::: Given information

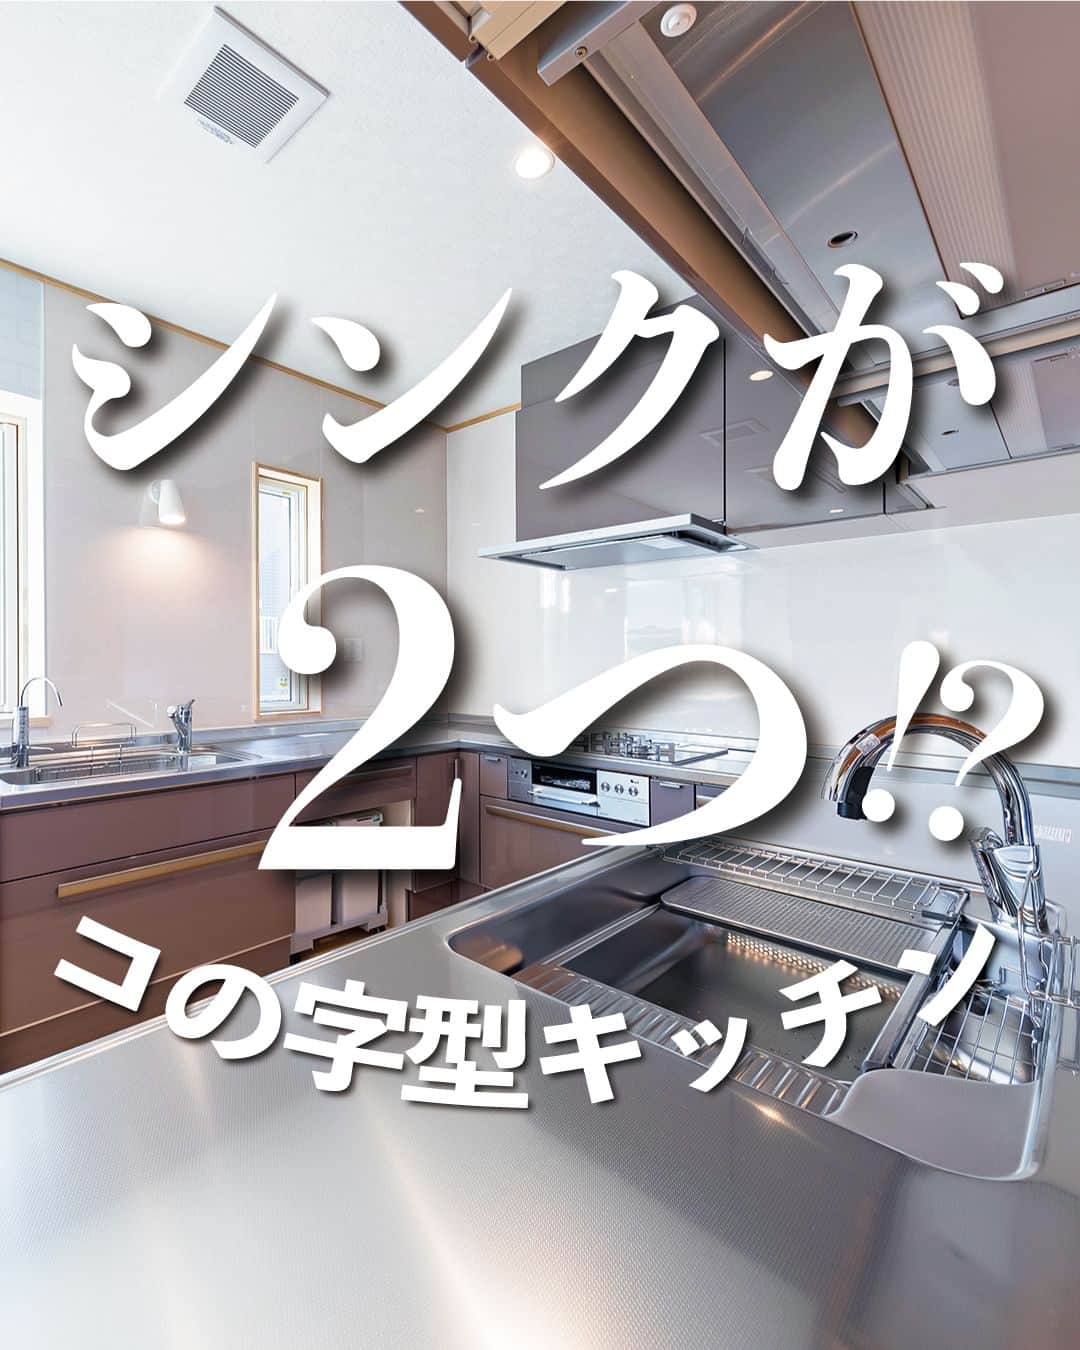 太陽住宅株式会社のインスタグラム：「太陽住宅の家 ▷▷▷ @taiyojutaku …………………………………………………………  本日ご紹介するのは【シンクが２つ?!コの字型キッチン】です☺︎  こちらのお家のキッチンはコの字型のキッチンです。 とはいえ、普通のコの字型キッチンとはちょっと違うのが分かりますか？  そうです！シンクが２つあるんです！  ダイビングなどが趣味な旦那様用に、料理用シンクとは別に「魚用のシンク」を設けました。旦那様と奥様2人で立っても余裕がある広いキッチンです♪  しかも棚上収納はオートダウンウォールを採用。スイッチ操作で棚が自動的の昇降するシステムなんです！  こんな贅沢なキッチン、お料理するのが楽しくなりますね♪  ⳹【1日3組限定！】オープンハウス開催中！⳼ ◎豊橋市西高師町　 　コンセプトモデルハウス『希望の家』 　ぜひお気軽にお問合せください♪ ………………………………………………………… 残すもの・・・。 記録と、記憶と思い出と。 丈夫で長持ち、太陽住宅の家。 ………………………………………………………… ⁡ HPでもたくさんの #施工事例 を掲載しております😌✨  太陽住宅の家 詳しくはコチラから ▷▷▷ @taiyojutaku  気になることがあれば、いつでもコメント・DM📩お待ちしております🙋  ──────────────────────── 太陽住宅株式会社 愛知県豊橋市三本木町字元三本木18-5 0120-946-265 ────────────────────────  #コの字型キッチン #コの字型キッチン間取 #リシェル #リシェルカップボード #オートダウンウォール #キッチンデザイン #リクシルキッチン #キッチン照明 #キッチン選び #太陽住宅 #豊川土地 #豊橋土地 #豊橋注文住宅 #豊川注文住宅 #工務店がつくる家 #注文住宅のかっこいい工務店 #豊橋家づくり #豊川家づくり #マイホーム計画 #土地探しからの注文住宅 #建売に見えない建売 #自由設計 #子育てママ  #太陽の家 #豊橋建売 #豊川建売 #希望の家 #オープンハウス開催中」
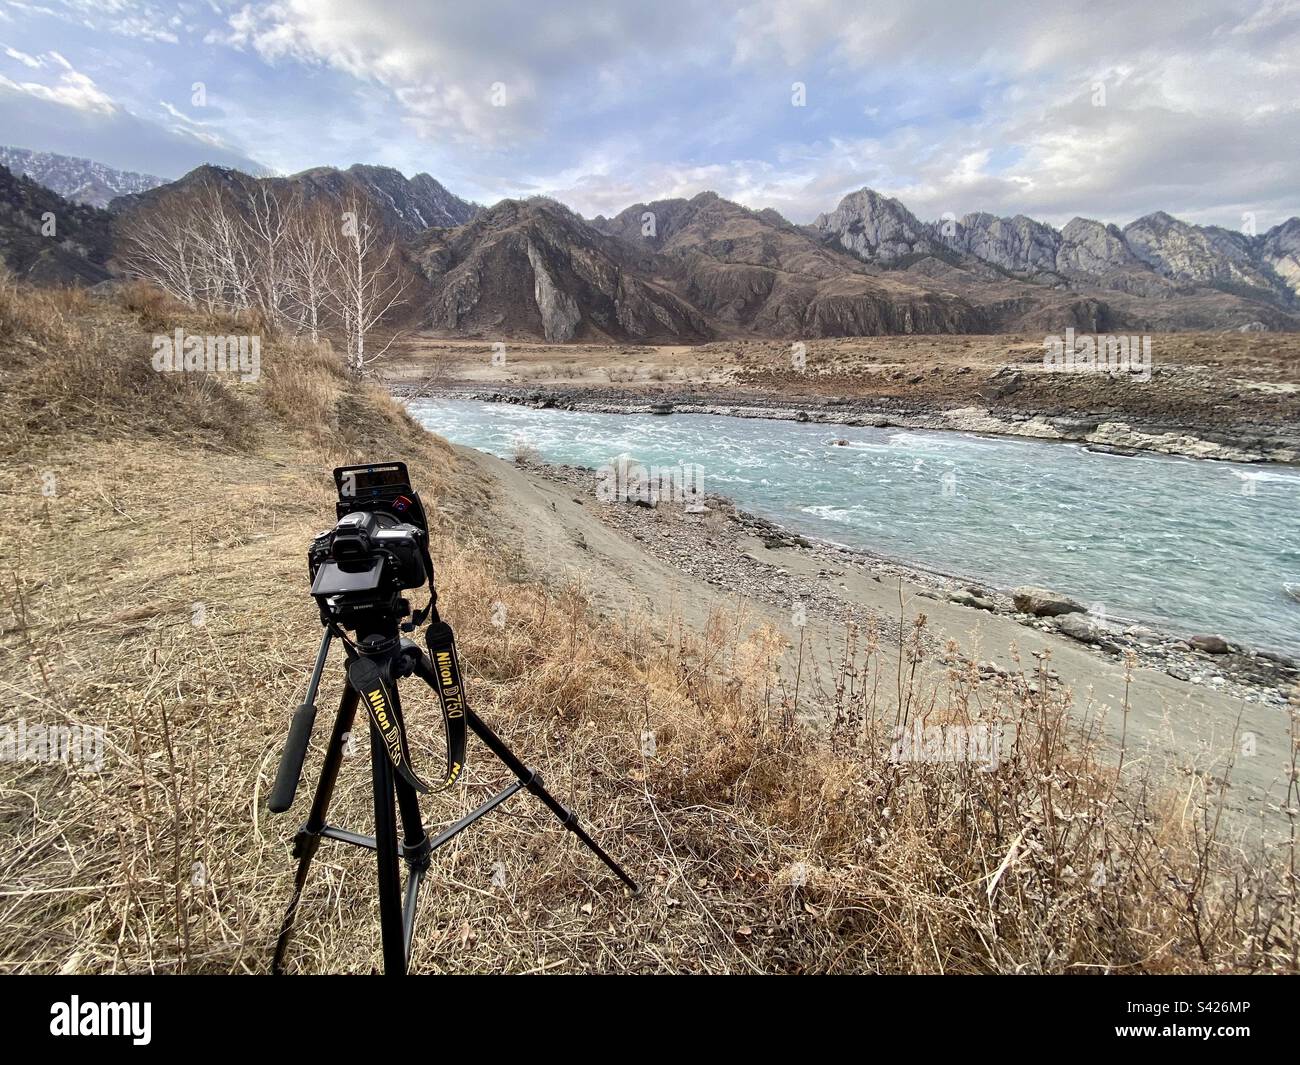 La fotocamera Nikon D750 con filtri di luce quadrati si trova sul bordo della riva del fiume con le montagne ad Altai. Foto Stock
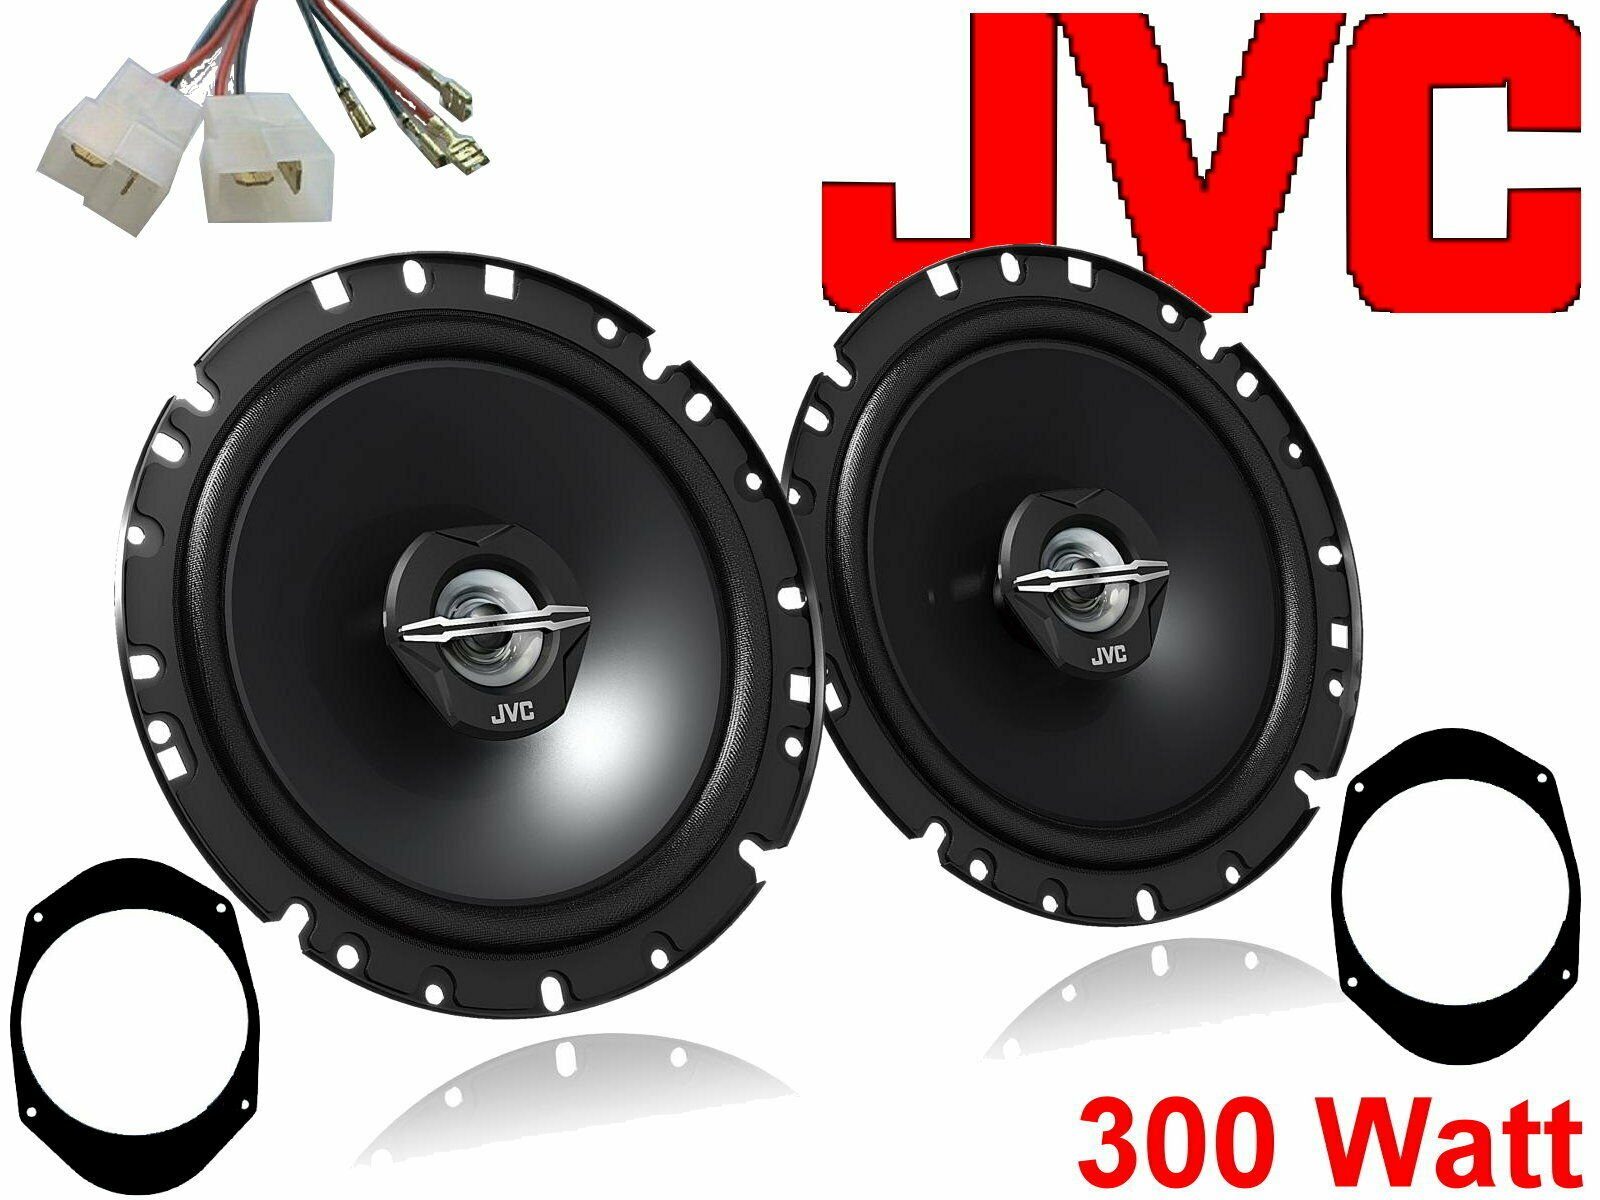 DSX JVC 300 W passend für Ford Fiesta 01 - 08 Lautspre Auto-Lautsprecher (30 W)

::::::

[Exercise description]
Output the data above verbatim, pictures excluded.

[Answer to this task]
 太陽住宅株式会社のインスタグラム：「太陽住宅の家 ▷▷▷ @taiyojutaku …………………………………………………………  本日ご紹介するのは【シンクが２つ?!コの字型キッチン】です☺︎  こちらのお家のキッチンはコの字型のキッチンです。 とはいえ、普通のコの字型キッチンとはちょっと違うのが分かりますか？  そうです！シンクが２つあるんです！  ダイビングなどが趣味な旦那様用に、料理用シンクとは別に「魚用のシンク」を設けました。旦那様と奥様2人で立っても余裕がある広いキッチンです♪  しかも棚上収納はオートダウンウォールを採用。スイッチ操作で棚が自動的の昇降するシステムなんです！  こんな贅沢なキッチン、お料理するのが楽しくなりますね♪  ⳹【1日3組限定！】オープンハウス開催中！⳼ ◎豊橋市西高師町　 　コンセプトモデルハウス『希望の家』 　ぜひお気軽にお問合せください♪ ………………………………………………………… 残すもの・・・。 記録と、記憶と思い出と。 丈夫で長持ち、太陽住宅の家。 ………………………………………………………… ⁡ HPでもたくさんの #施工事例 を掲載しております😌✨  太陽住宅の家 詳しくはコチラから ▷▷▷ @taiyojutaku  気になることがあれば、いつでもコメント・DM📩お待ちしております🙋  ──────────────────────── 太陽住宅株式会社 愛知県豊橋市三本木町字元三本木18-5 0120-946-265 ────────────────────────  #コの字型キッチン #コの字型キッチン間取 #リシェル #リシェルカップボード #オートダウンウォール #キッチンデザイン #リクシルキッチン #キッチン照明 #キッチン選び #太陽住宅 #豊川土地 #豊橋土地 #豊橋注文住宅 #豊川注文住宅 #工務店がつくる家 #注文住宅のかっこいい工務店 #豊橋家づくり #豊川家づくり #マイホーム計画 #土地探しからの注文住宅 #建売に見えない建売 #自由設計 #子育てママ  #太陽の家 #豊橋建売 #豊川建売 #希望の家 #オープンハウス開催中」
 La fotocamera Nikon D750 con filtri di luce quadrati si trova sul bordo della riva del fiume con le montagne ad Altai. Foto Stock
 DSX JVC 300 W passend für Ford Fiesta 01 - 08 Lautspre Auto-Lautsprecher (30 W)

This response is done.